One of the most important social cognitive skills in humans is the ability to “put oneself in someone else’s shoes,” that is, to take another person’s perspective. In socially situated communication, perspective taking enables the listener to arrive at a meaningful interpretation of what is said (sentence meaning) and what is meant (speaker’s meaning) by the speaker. To successfully decode the speaker’s meaning, the listener has to take into account which information he/she and the speaker share in their common ground (CG). We here further investigated competing accounts about when and how CG information affects language comprehension by means of reaction time (RT) measures, accuracy data, event-related potentials (ERPs), and eye-tracking. Early integration accounts would predict that CG information is considered immediately and would hence not expect to find costs of CG integration. Late integration accounts would predict a rather late and effortful integration of CG information during the parsing process that might be reflected in integration or updating costs. Other accounts predict the simultaneous integration of privileged ground (PG) and CG perspectives. We used a computerized version of the referential communication game with object triplets of different sizes presented visually in CG or PG. In critical trials (i.e., conflict trials), CG information had to be integrated while privileged information had to be suppressed. Listeners mastered the integration of CG (response accuracy 99.8%). Yet, slower RTs, and enhanced late positivities in the ERPs showed that CG integration had its costs. Moreover, eye-tracking data indicated an early anticipation of referents in CG but an inability to suppress looks to the privileged competitor, resulting in later and longer looks to targets in those trials, in which CG information had to be considered.
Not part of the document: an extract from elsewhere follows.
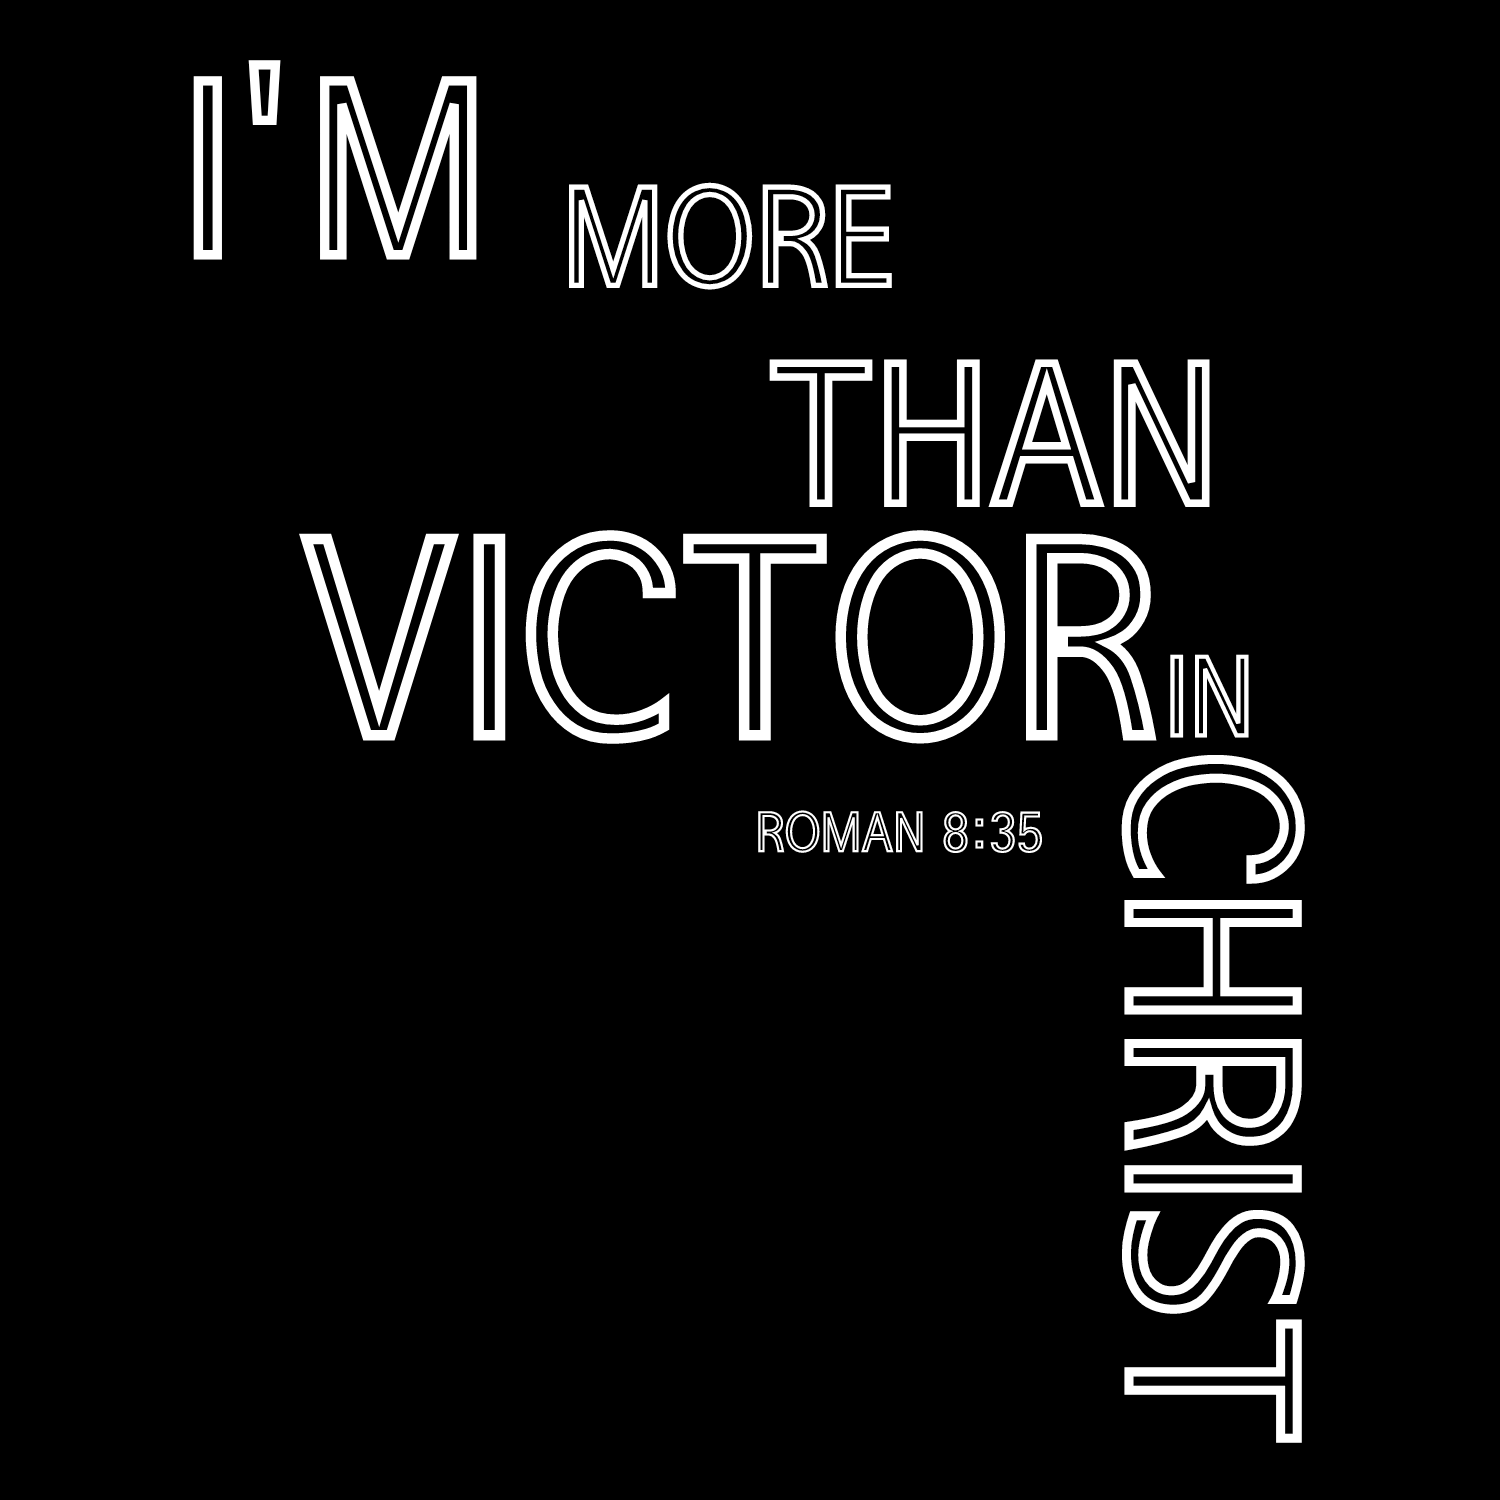 I'm more victor in Christ
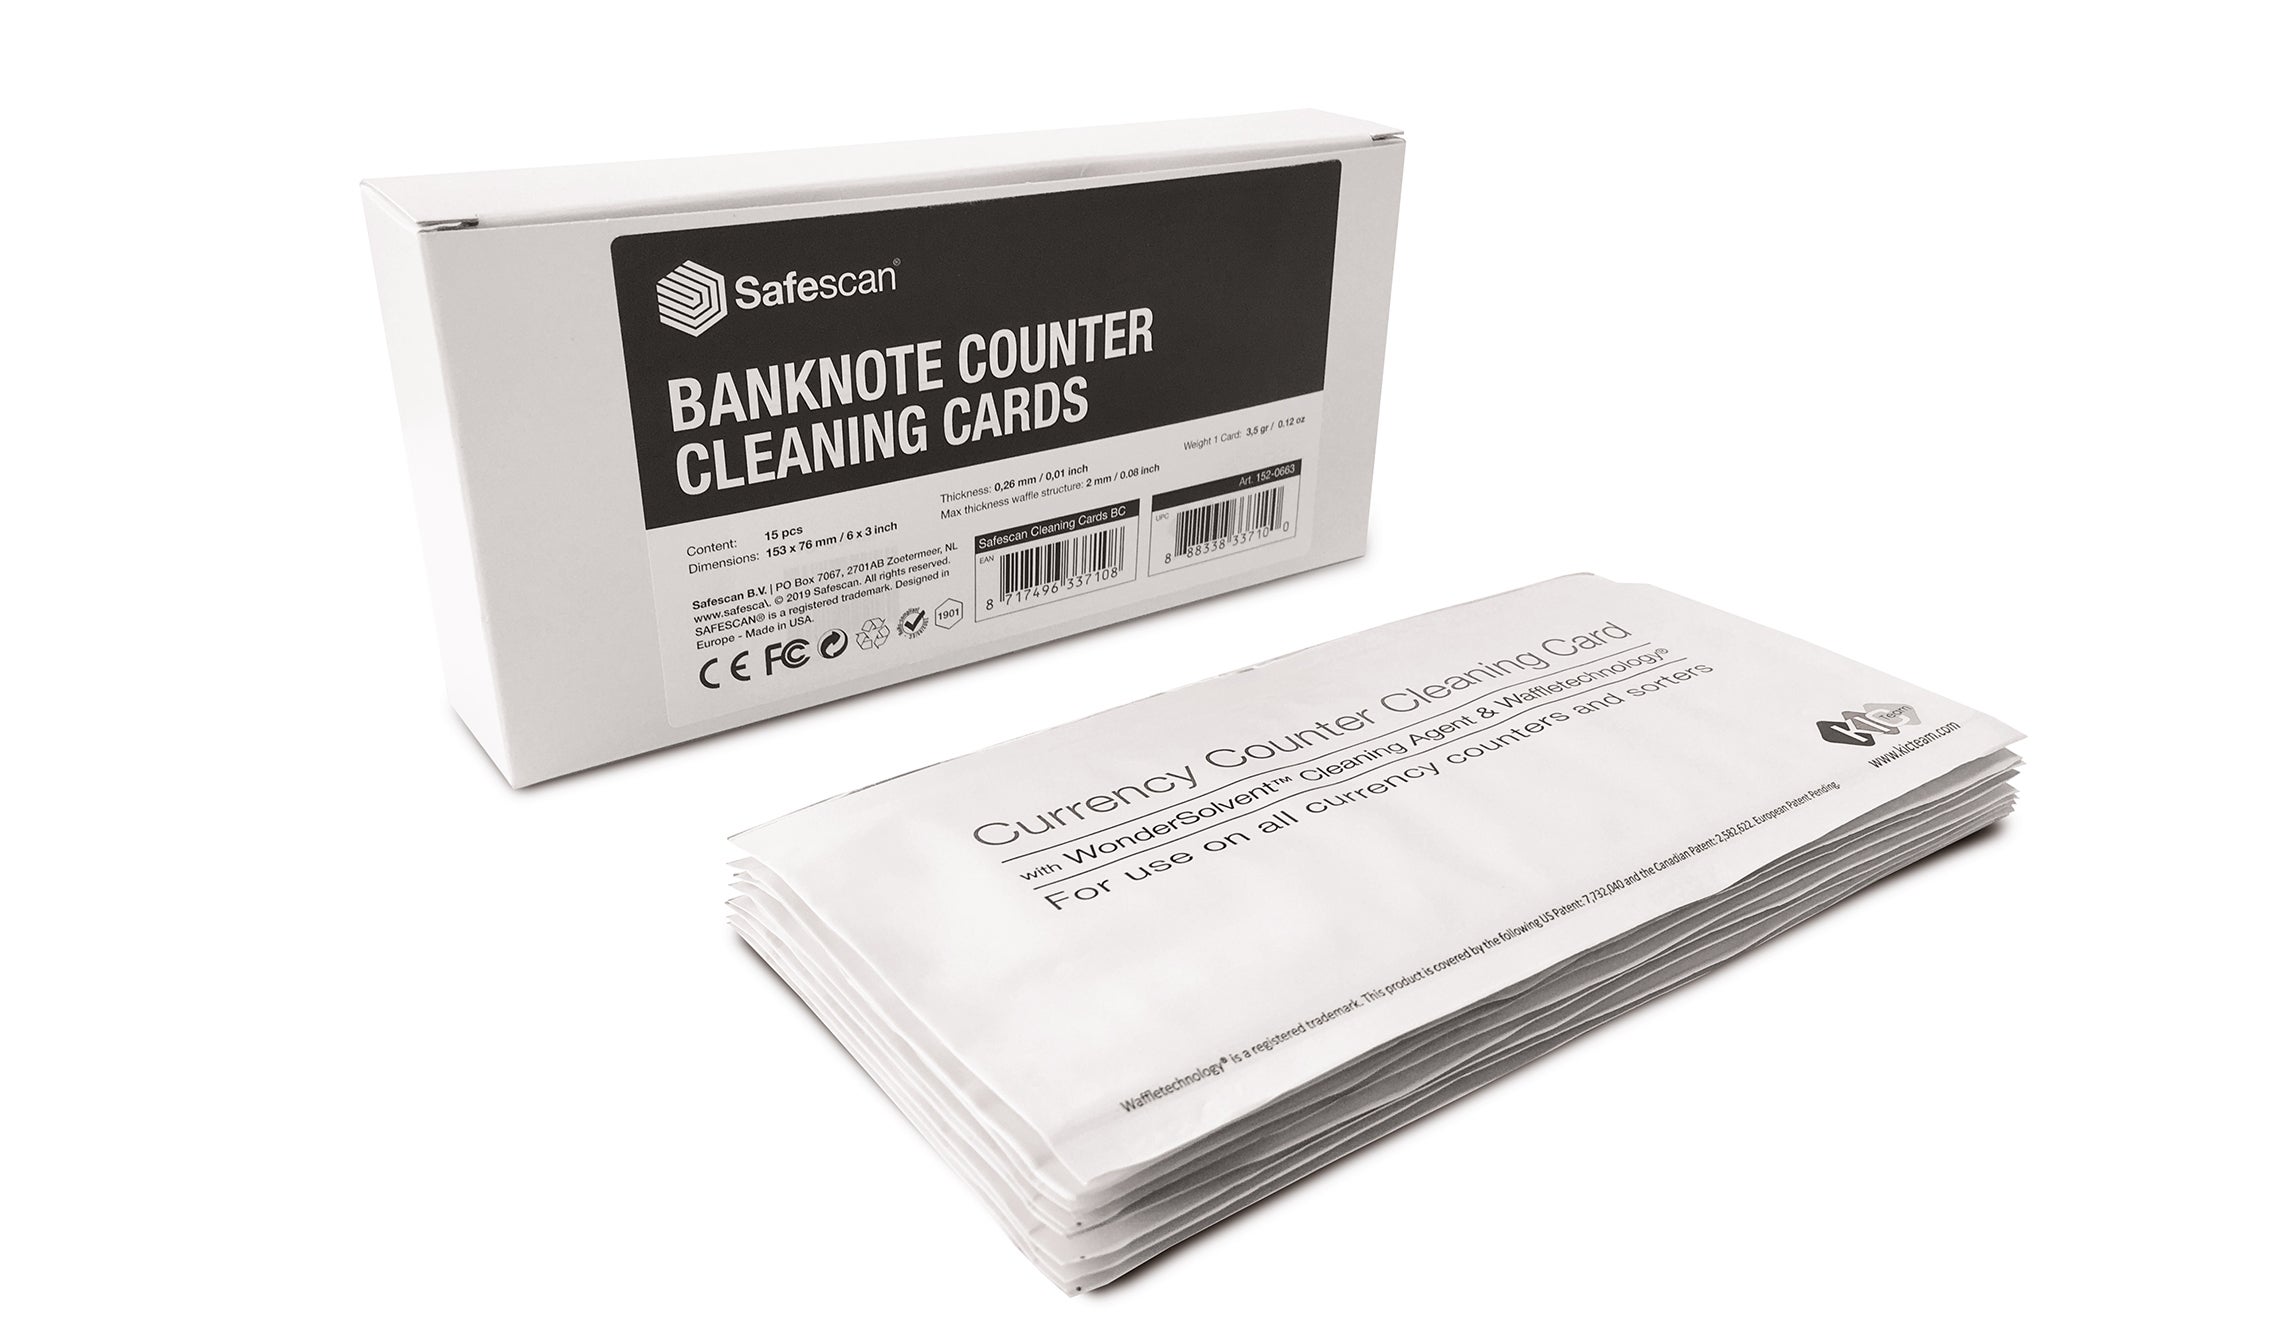 safescan-cleaning-cards-for-banknote-counters

Our data therefore support accounts that foresee an early anticipation of referents to be in CG but a rather late and effortful integration if conflicting information has to be processed. We show that both perspectives, PG and CG, contribute to socially situated language processing and discuss the data with reference to theoretical accounts and recent findings on the use of CG information for reference resolution.